> Problem description
Transcribe the whole listing below. Pictures do not go in the copy.

> Input data
***

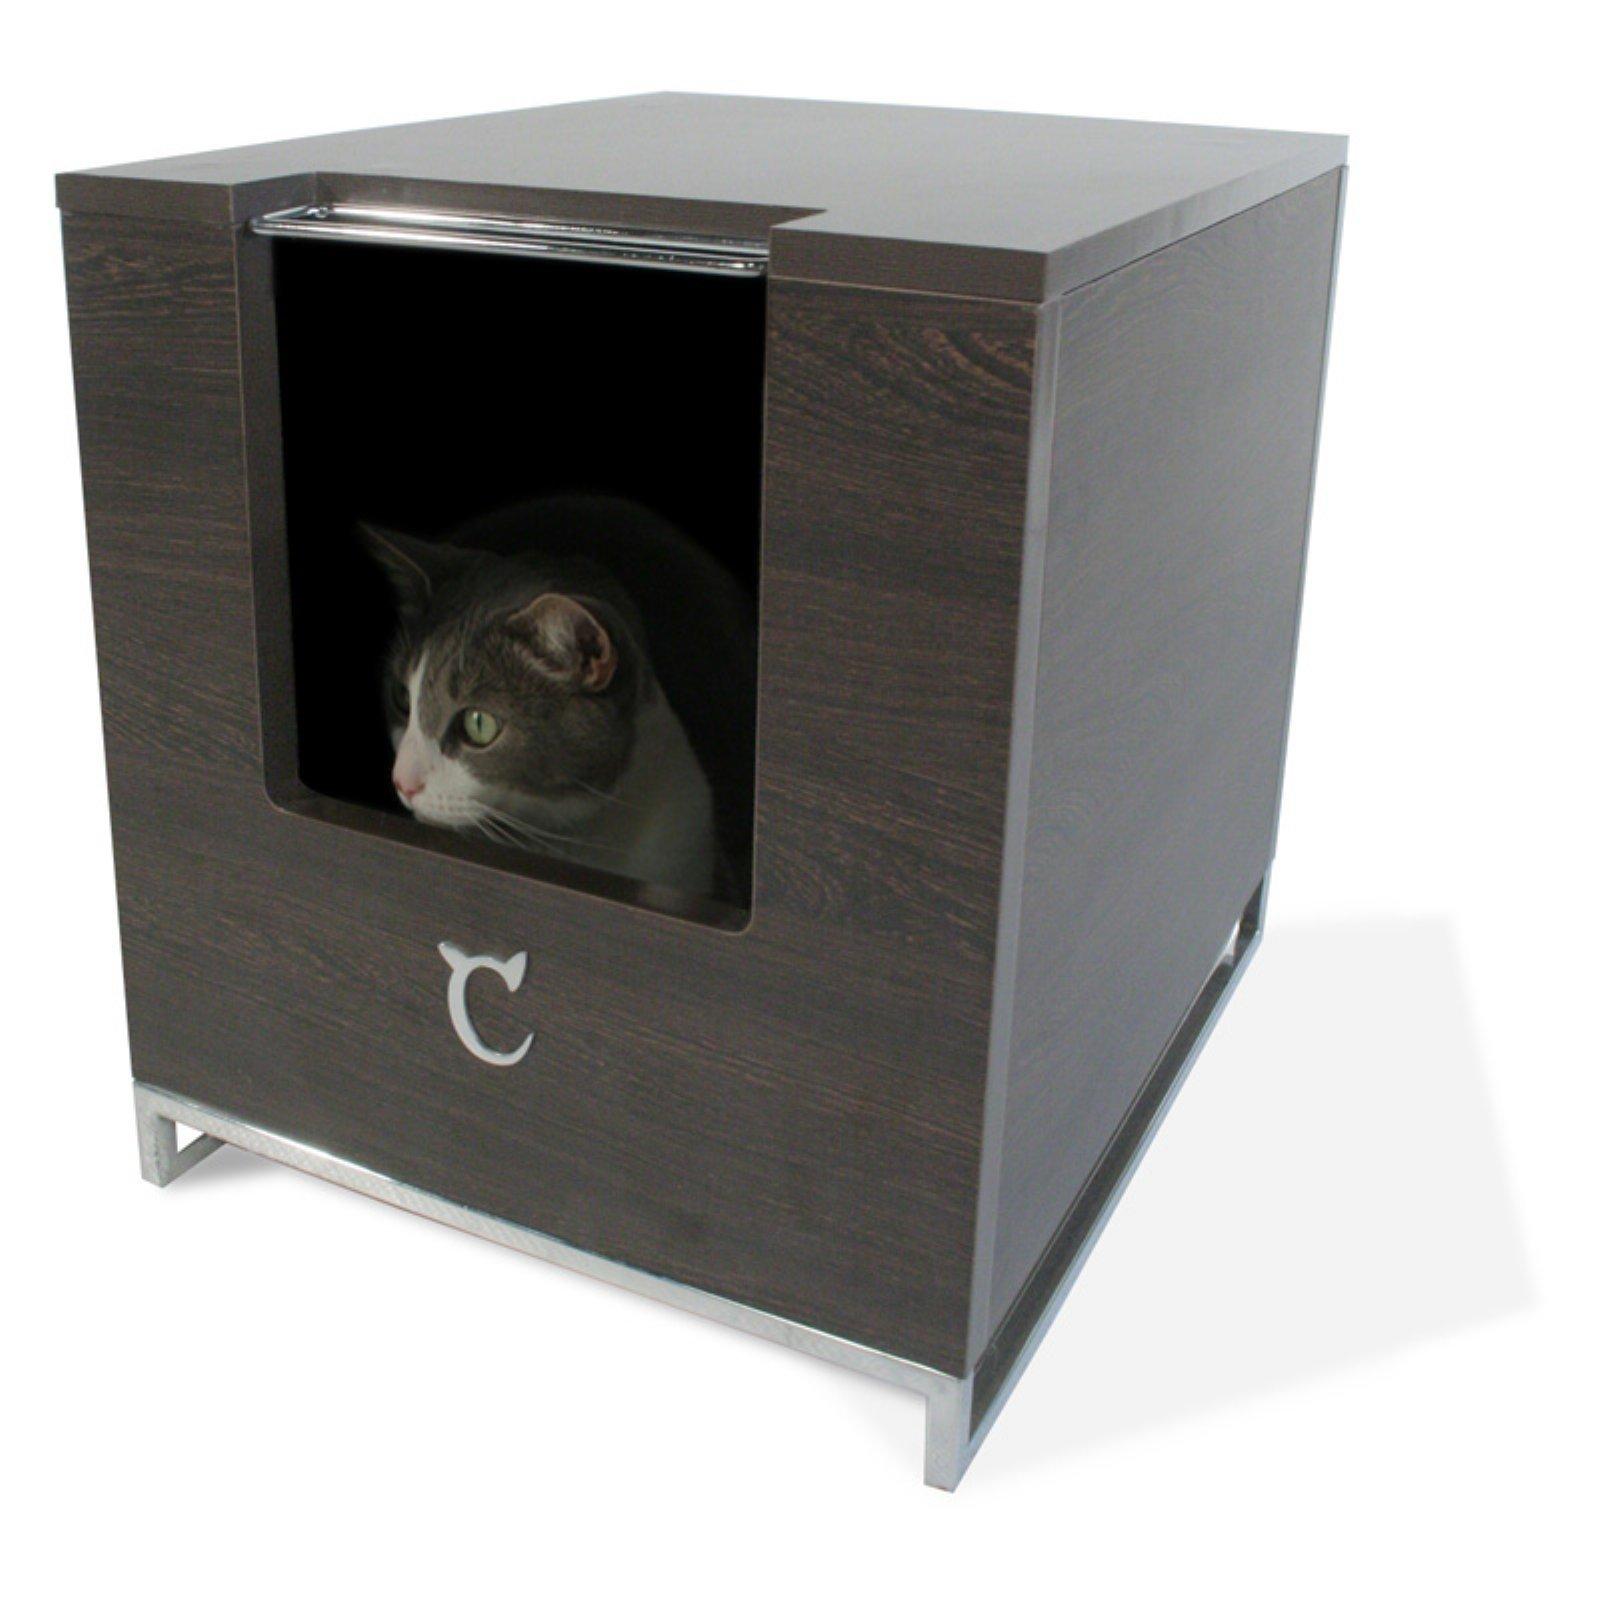 Modern Cat Designs TT-LH01-W Litter Box Hider44; Glossy White
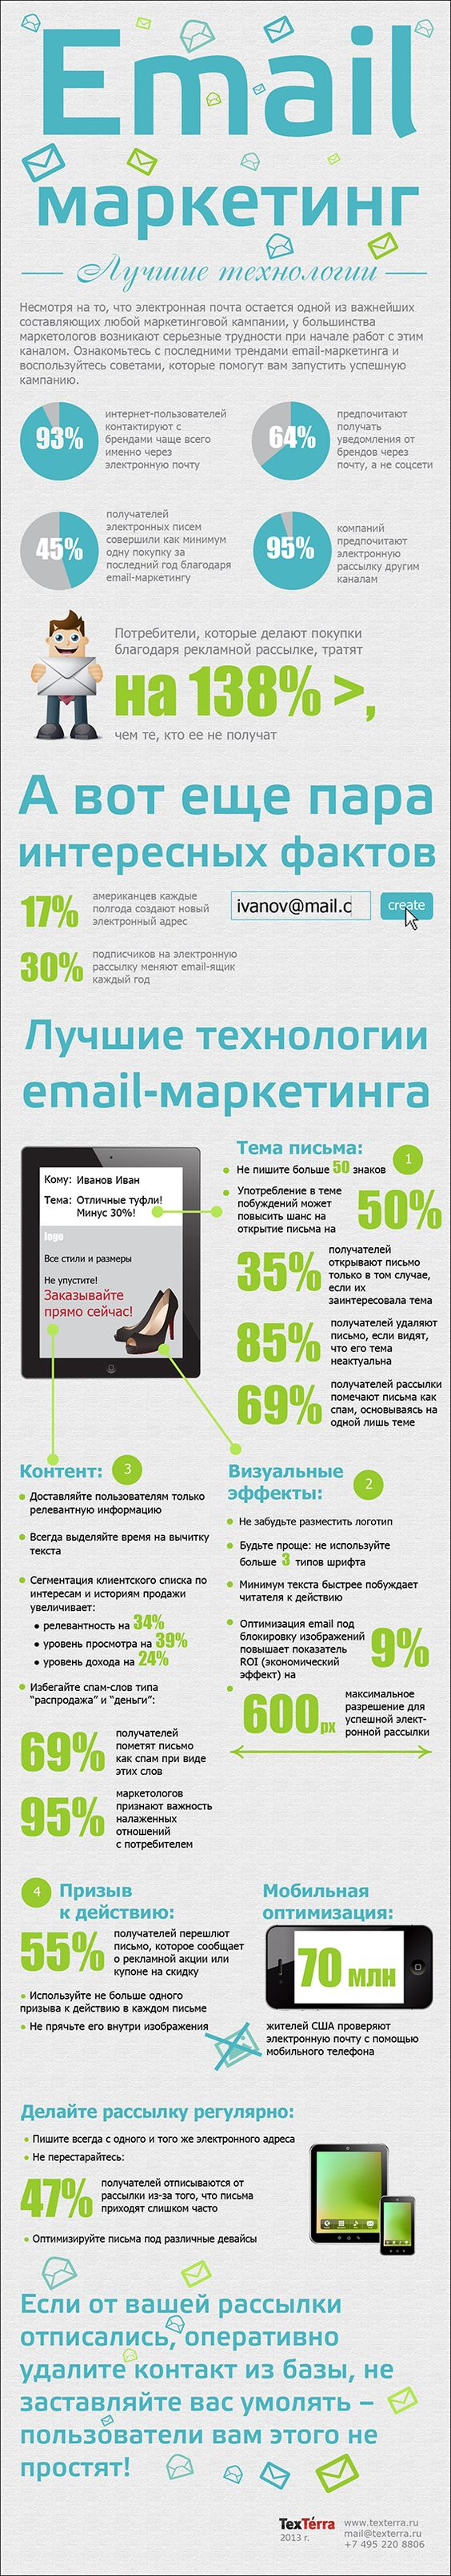 продающий e-mail маркетинг инфографика
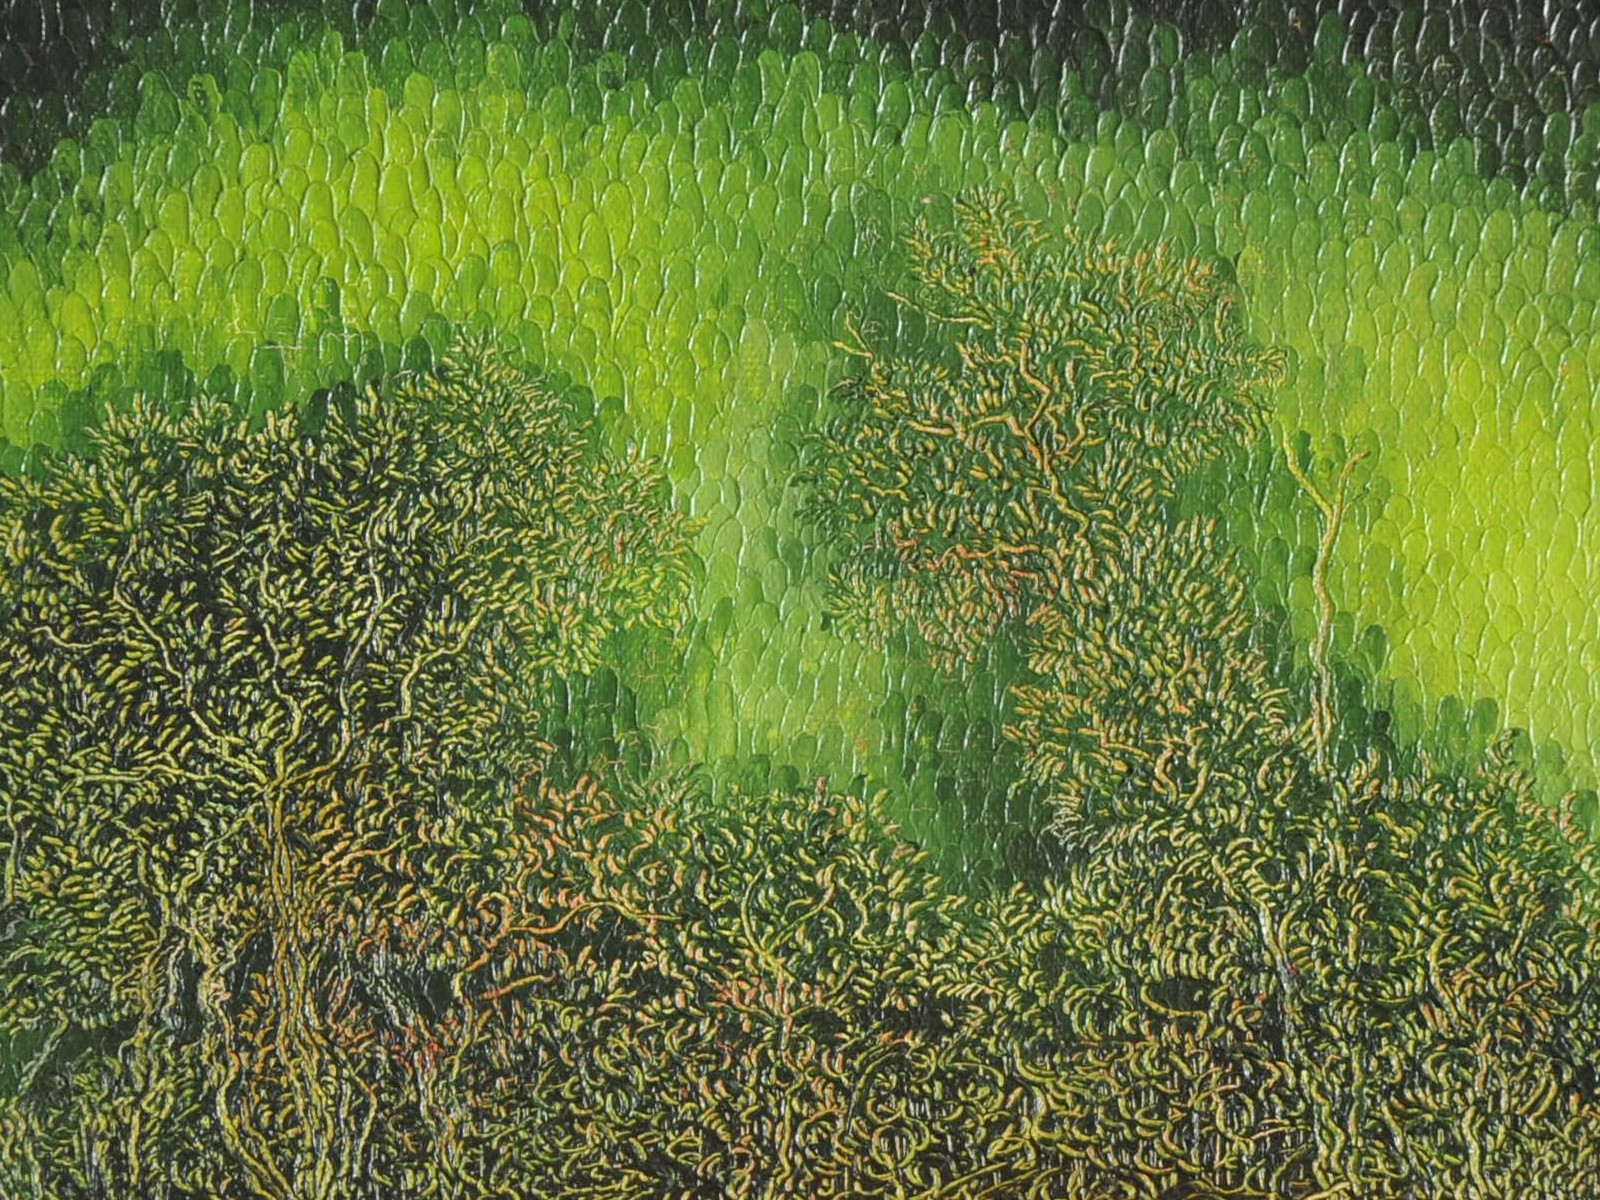 Aube verte: Huile sur toile

***

> Solution to the exercise
 Modern Cat Designs TT-LH01-W Litter Box Hider44; Glossy White
 продающий e-mail маркетинг инфографика
 Aube verte: Huile sur toile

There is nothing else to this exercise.